Gina hears only what she wants to hear. So that night, already a little tipsy from the Plague Death experience, I drowned my sorrows over a bottle of good wine with Chip. Unlike so many other heterosexual men, Chip enjoys hearing a woman bitch at length about her acquaintances and friends—he’s fascinated by the daily machinations of the fairer sex. It’s not the details he’s interested in but the passion women bring to their interpersonal dissections. What amazes him the most, he often says to me, is how much we seem to actually
care
.

“Don’t you get tired of it?” he asks. “How can you keep it all in your head?”

I WENT INTO
my office the next day with a sense of foreboding about Suzette, afraid she’d be presenting with PTSD. But as it turned out I didn’t have time to think about it: the numbers consult was a ruse so they could throw a surprise party for my nuptial occasion. Suzette was nowhere to be seen; I heard later she’d had a dentist appointment. (Was it my imagination, though, or were the orphans sadder and thinner than usual as I walked past her carrel, the bobbleheads bobbling with new mournfulness?)

They’d made a waterfall of mimosas, a catered spread of baked goods and resplendent fruit platters evoking ancient Greece.

After that the two days until the rehearsal dinner were a whirlwind of activity—the kind you remember too blearily to describe. There were the female-objectifying beauty rituals;
the cathartic taboo-lifting of friends taking depressants and/or stimulants in my immediate vicinity and then expressing boundless affection for me; the token out-of-town family (mainly Chip’s) alighting at local hotels, some of them choosing budget establishments, others opening the ostentatious rooms of their luxury accommodations to large groups of guests.

There was also the lingering presence of Chip’s mother, who benefits, in life as well as on special occasions, from the fact that Chip believes she’s sweet and funny and should be humored smilingly. Most other humans tend to see her as more of a wrinkled mythological harpy, old, partially digested worms smeared over her clack-clacking beak. Once she openly bragged to me that when Chip was a baby she made it a rule to embrace him once a week, rain or shine.
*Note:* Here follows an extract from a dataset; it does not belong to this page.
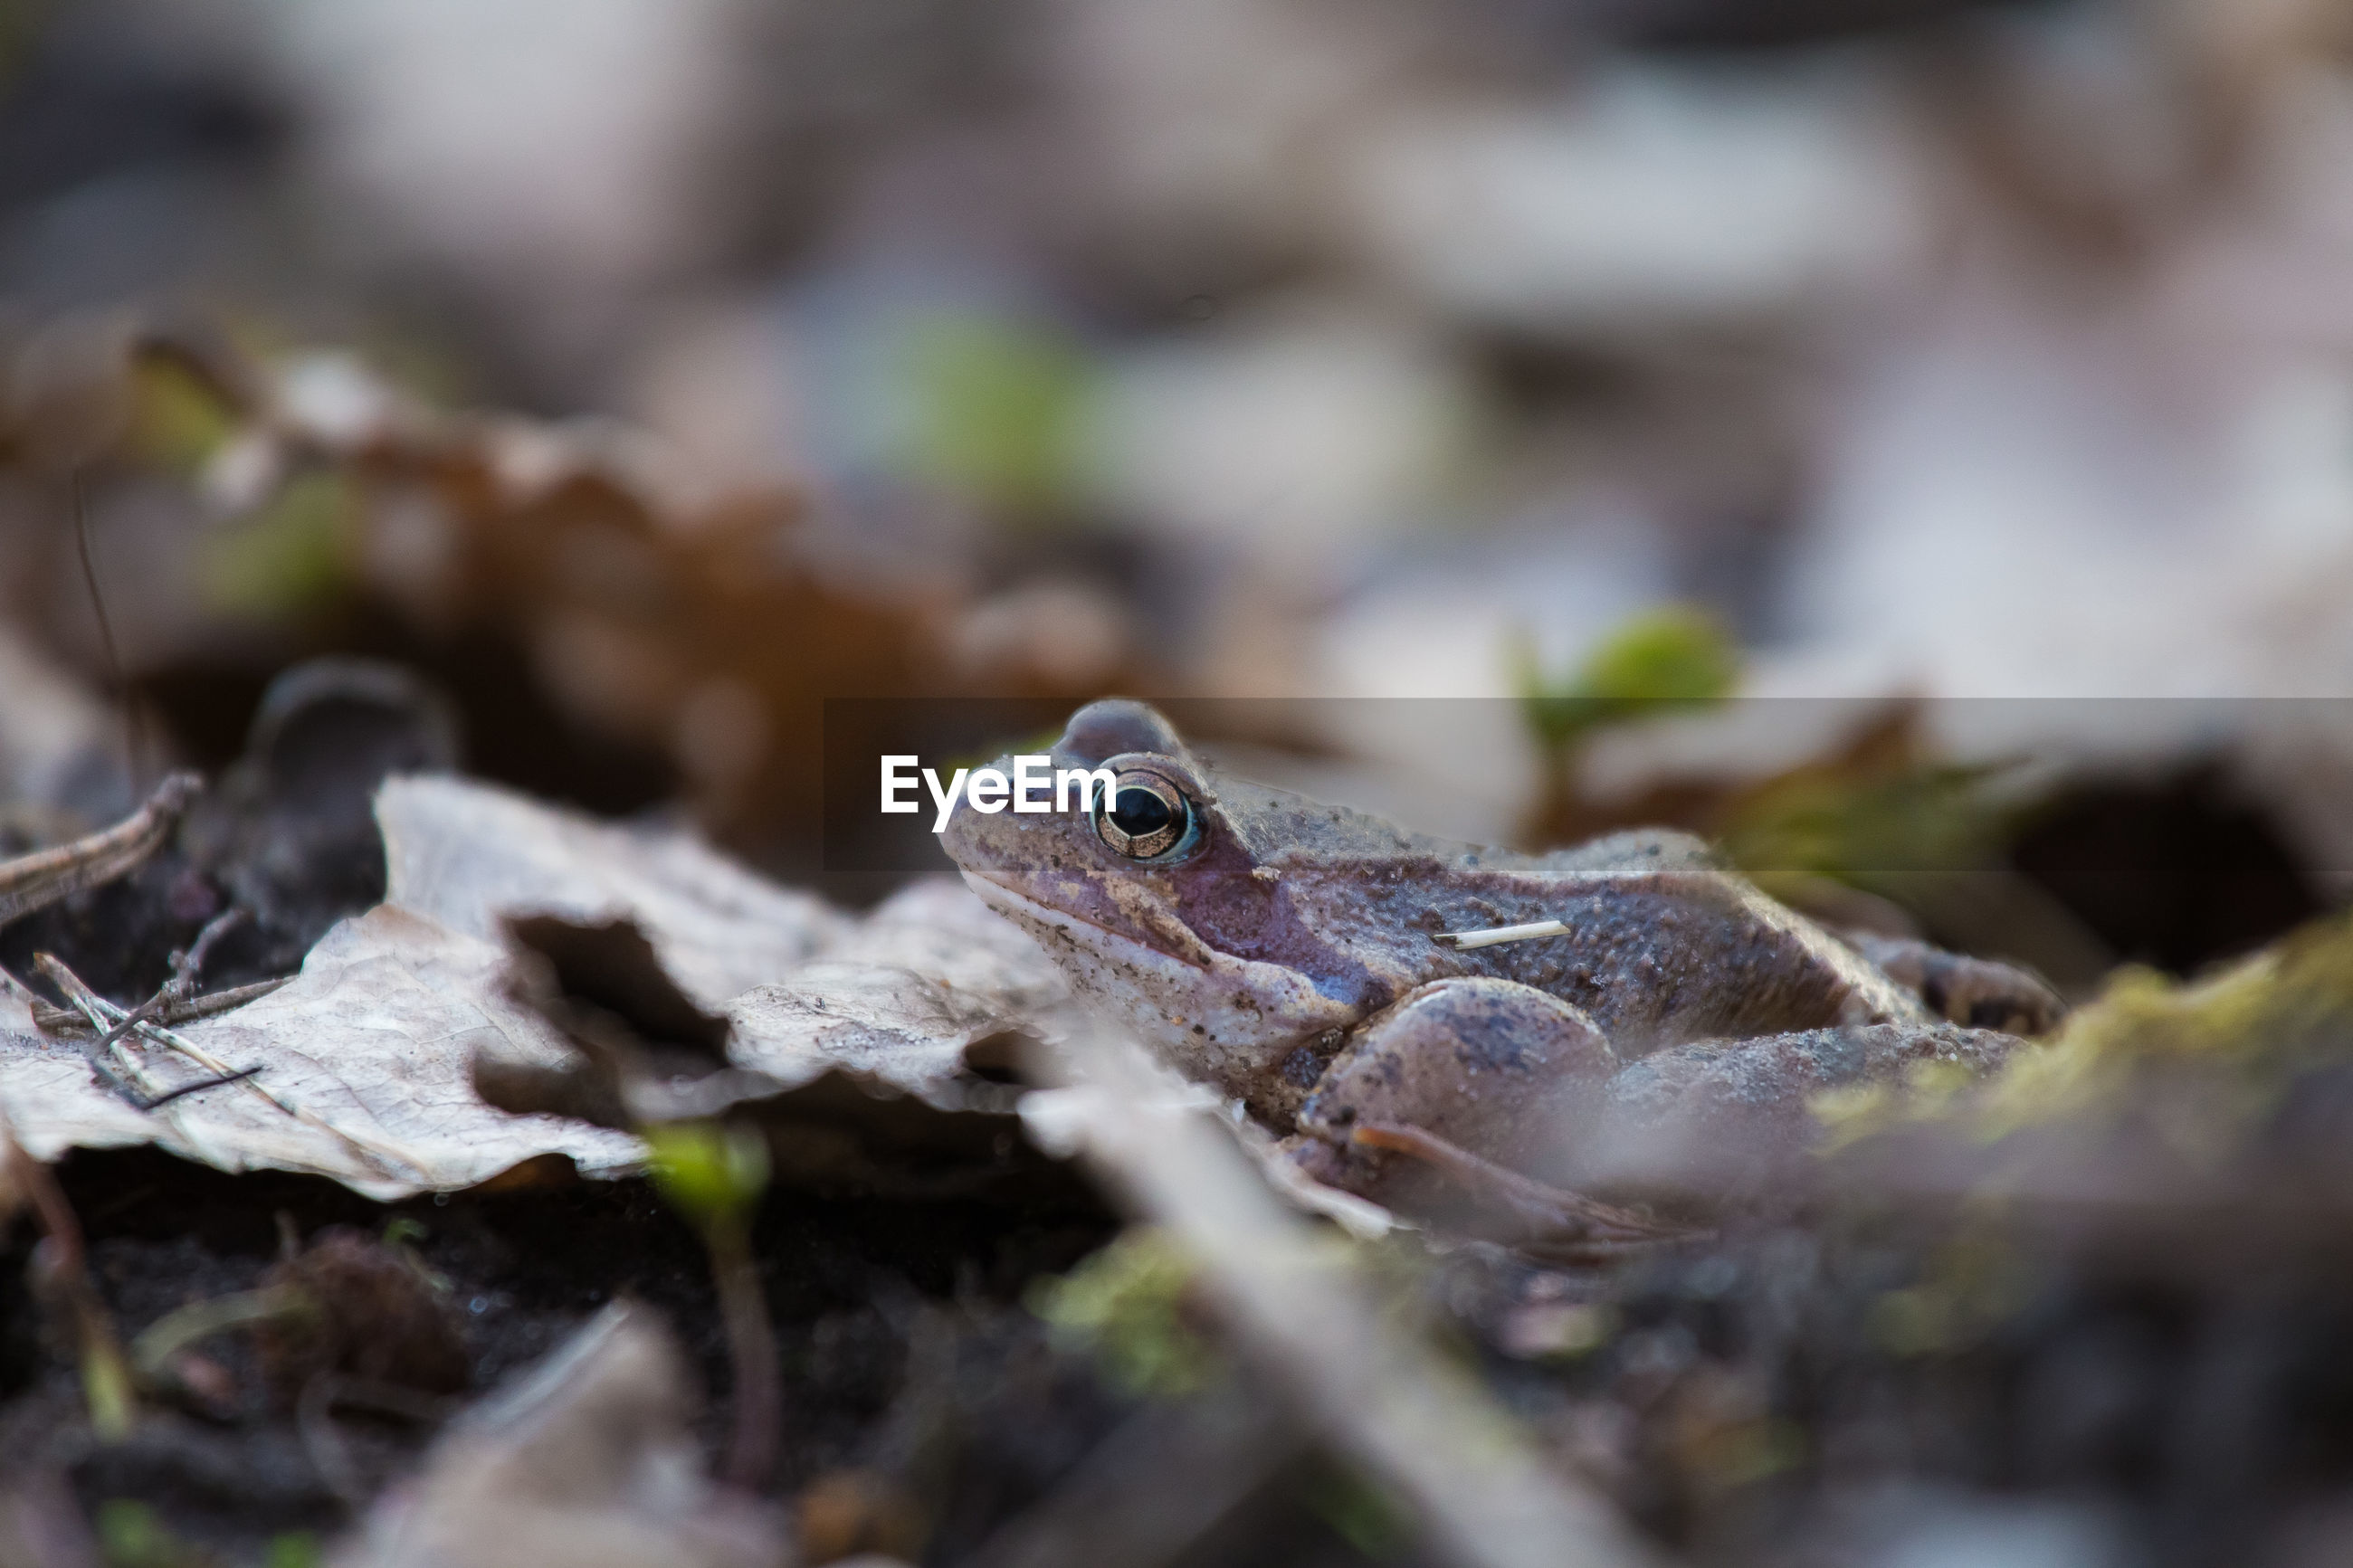 Frog on plants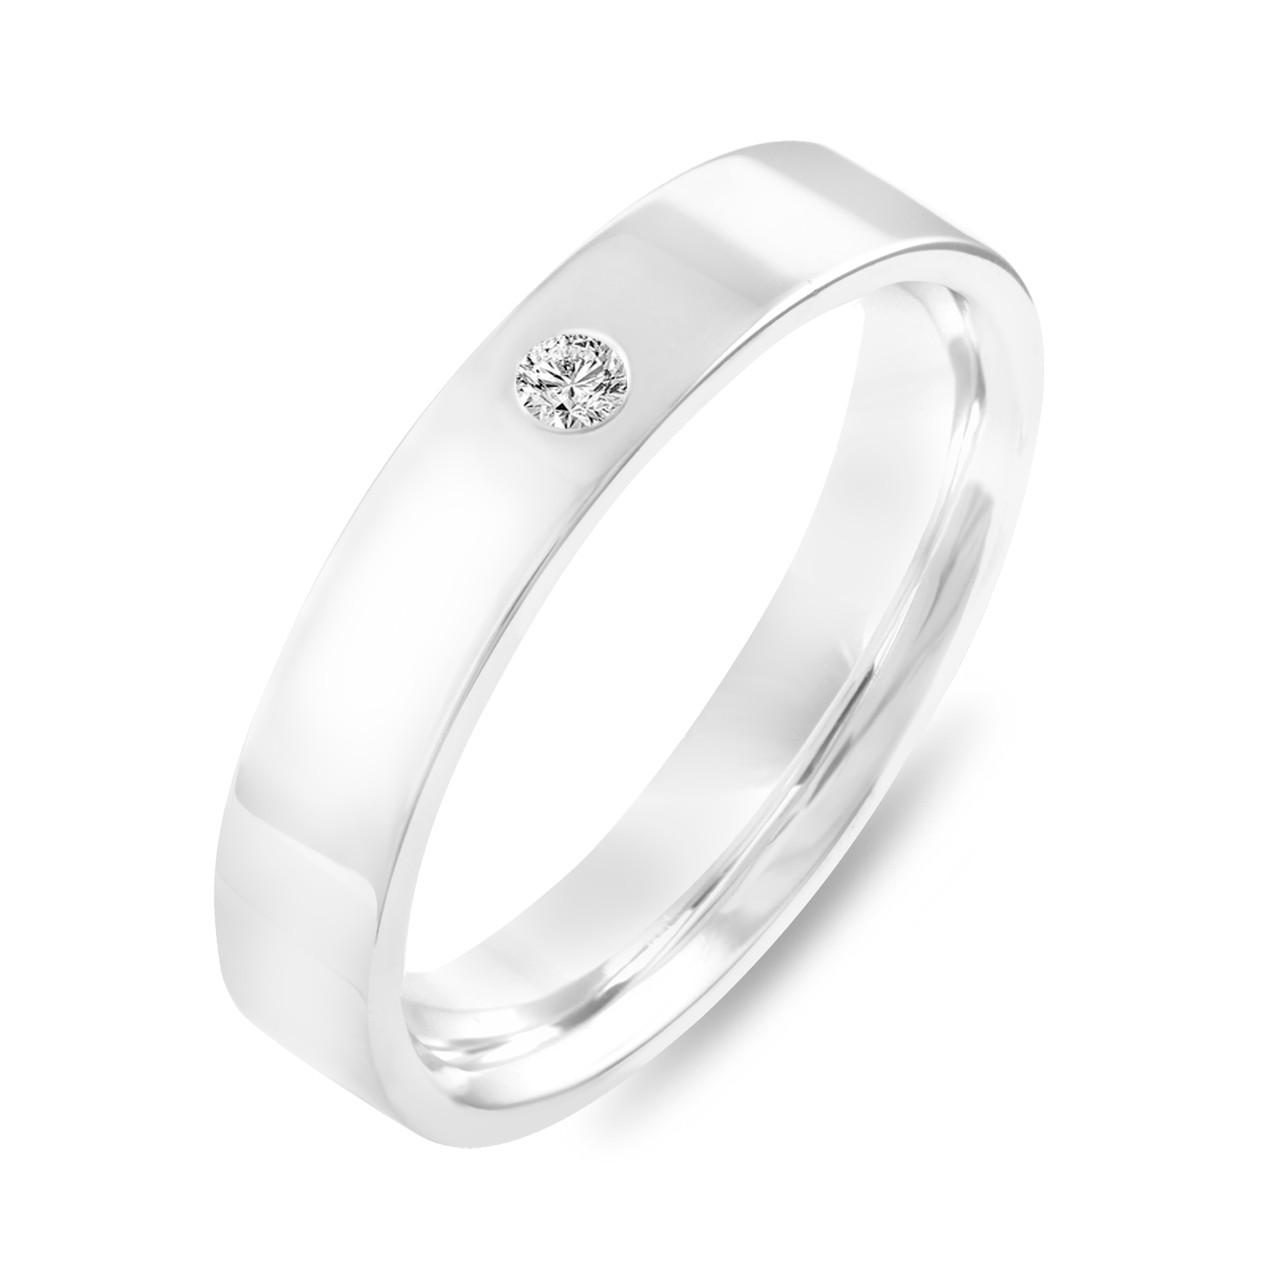 Wedding Band Men.Diamond Wedding Band Diamond Wedding Ring Womens Wedding Band Mens Flat Wedding Band 4 Mm Anniversary Ring 14k White Gold Handmade

Chip gazed at her beatifically when she said it, like hers was the gold standard of attachment parenting.

It’s a wonder he emerged from that sharp-twigged, bespattered nest with both his balls intact. It’s a wonder he only flies off to dorky utopian dreamlands during the odysseys of his gaming, instead of 24/7 at a mental health facility.

And yet, and yet—it’s oddly comforting that a Nurse Ratched harpy could raise a man like Chip. If a man like Chip can emerge sane and whole from eighteen formative years with a Nurse Ratched harpy, there’s hope of redemption for each and every one of us. There’s hope the sun may not burn out after all, some billions of years hence, transforming into a giant fireball that obliterates the planet.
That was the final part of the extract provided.